Load-bearing premise
The encoding of Bennett's reading of Spinoza's stated axioms as a typeclass and Della Rocca's substantive PSR as an extension class accurately captures the philosophical positions without introducing or omitting commitments that would alter the derivability question.
What would settle it
A successful Lean derivation of the full content of Proposition V from the encoded axioms plus the PSR extension, or a proof that the four-element model violates one of the axioms or the PSR clause, would refute the irreducibility result.

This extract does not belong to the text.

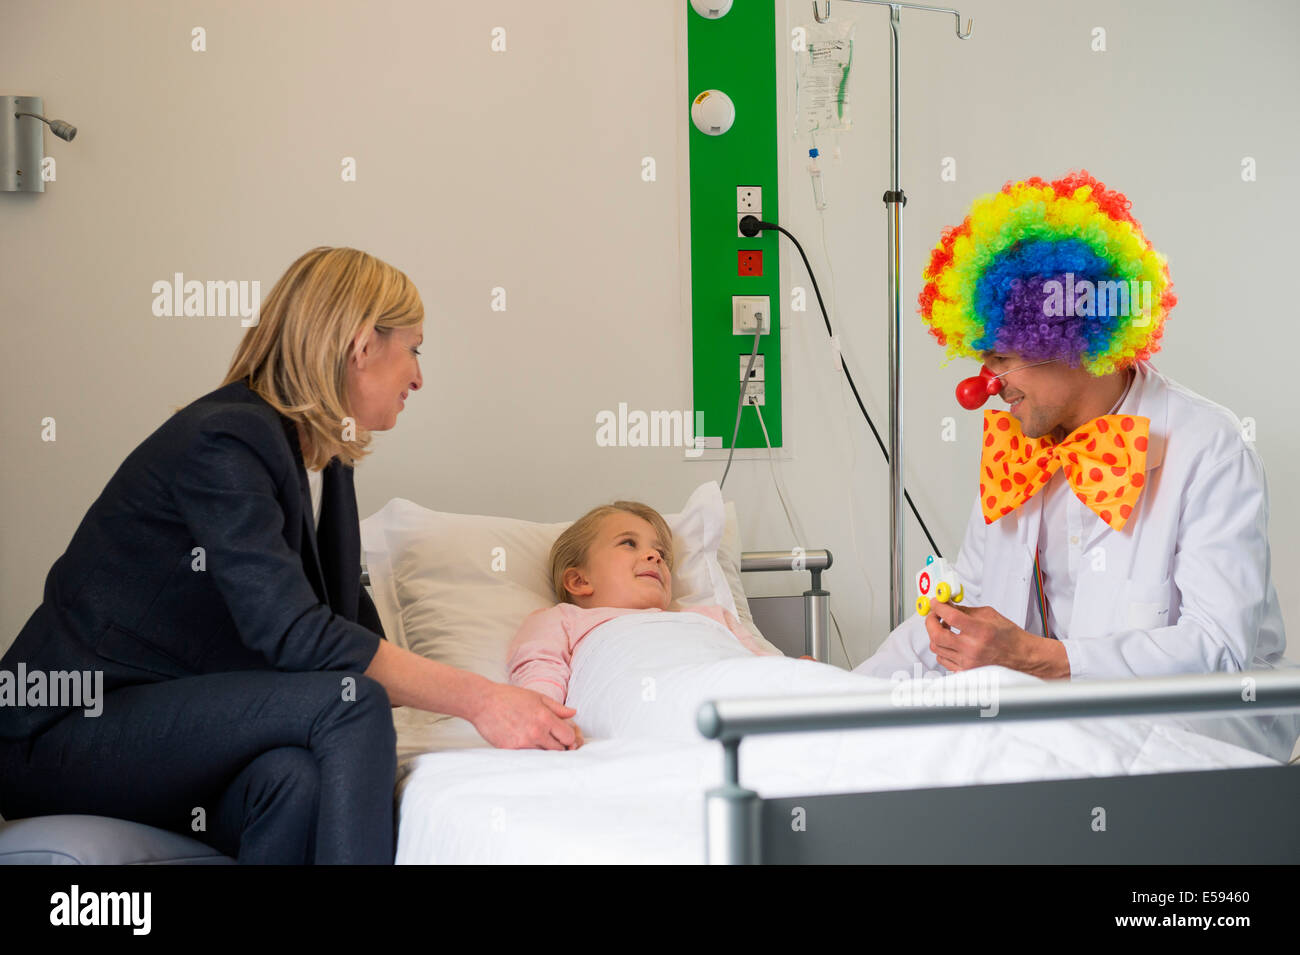 Médecin homme portant costume clown fille faisant sourire patient in hospital bed Photo Stock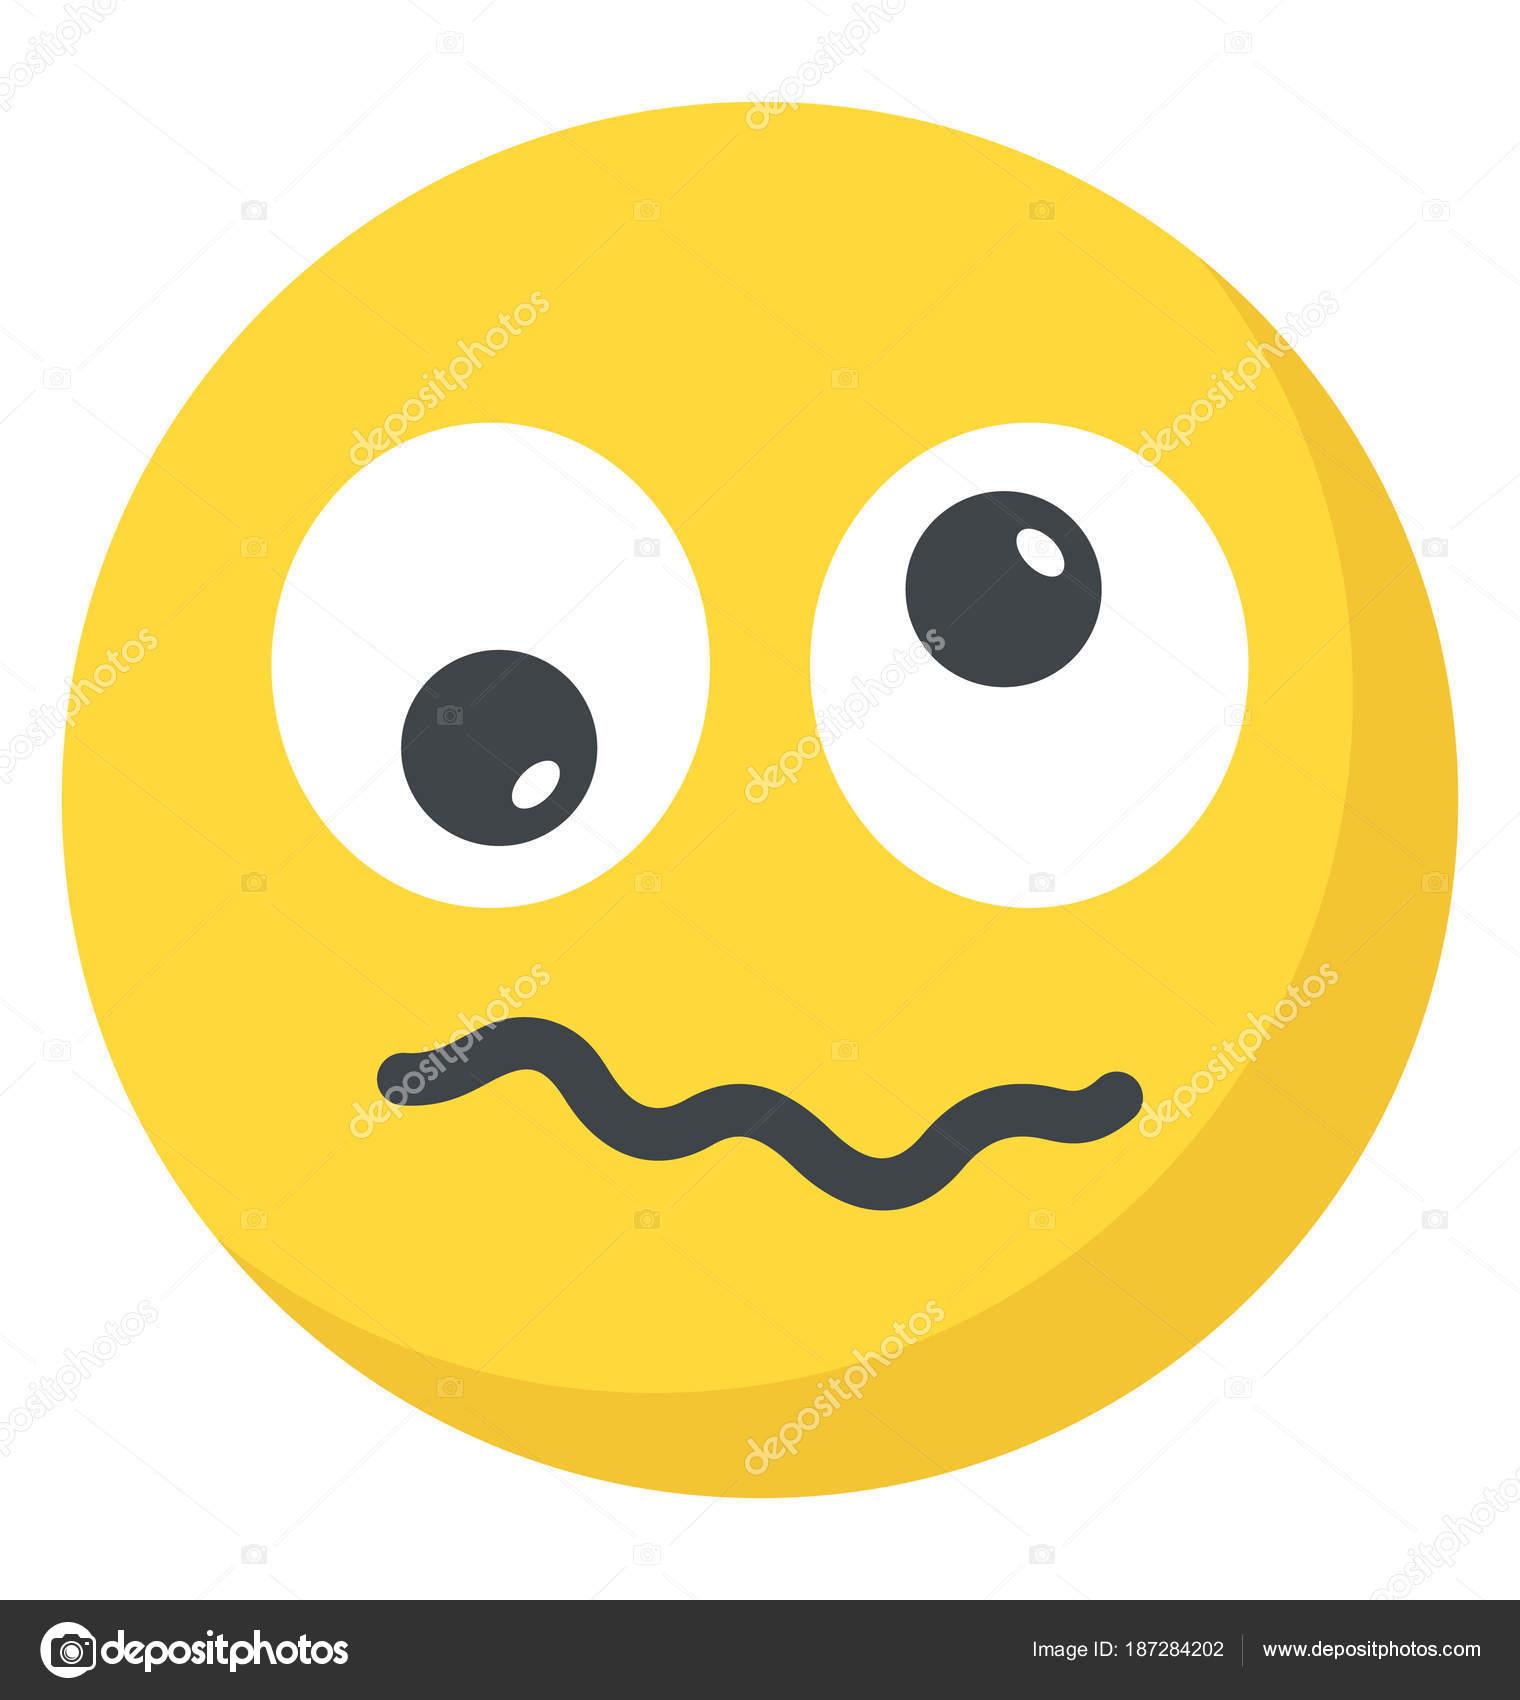 confused emoji face images

read the original abstract
In A Study of Spinoza's Ethics (1984, {\S}17), Jonathan Bennett argues that the demonstration of Proposition V of Spinoza's Ethica contains identifiable invalid moves and that, even granted those moves, "cannot yield more than the conclusion that two substances could not have all their attributes in common" -- while Spinoza concludes that they cannot share any. Bennett doubts that any valid reconstruction is available from Spinoza's stated resources without importing further commitments. Michael Della Rocca (Spinoza, 2008, ch. 2) responds that the proposition can be derived if the Principle of Sufficient Reason (PSR) is committed substantively. The debate has remained at the level of prose argument for forty years. This paper provides the first machine-checked evidence in the debate. We formalise Ethica Pars I in Lean 4, encoding Bennett's reading of Spinoza's stated axioms as a typeclass and Della Rocca's substantive PSR as an extension class. The derivation attempt yields a partial result -- substances sharing all attributes are identical -- but cannot reach the full "sharing-any-attribute -> identity" content of Proposition V, mechanically tracking Bennett's own all-attributes ceiling. A four-element counter-model satisfying both axiom sets while falsifying Proposition V's content establishes the irreducibility against this specific augmentation. A second counter-model establishes the analogous result for axiom A15, a load-bearing universality clause for Spinoza's Proposition XIV. Bennett's diagnosis receives its first kernel-checked counter-model against the Della-Rocca PSR-substance reconstruction (the non-derivability claim itself a meta-logical consequence of kernel consistency); stronger PSR variants and the broader narrative claim against the full Section I + II + A1--A7 register remain open as future mechanical projects.
Editorial analysis
A structured set of objections, weighed in public.
Referee Report
Summary. The paper formalizes Spinoza's Ethica Pars I in Lean 4 by encoding Bennett's reading of the stated axioms as a typeclass and Della Rocca's substantive PSR as an extension class. It derives the partial result that substances sharing all attributes are identical but cannot reach the full content of Proposition V (sharing any attribute implies identity). This non-derivability is witnessed by a four-element counter-model satisfying both axiom sets and the PSR extension while falsifying Proposition V; an analogous counter-model is given for Proposition XIV via axiom A15.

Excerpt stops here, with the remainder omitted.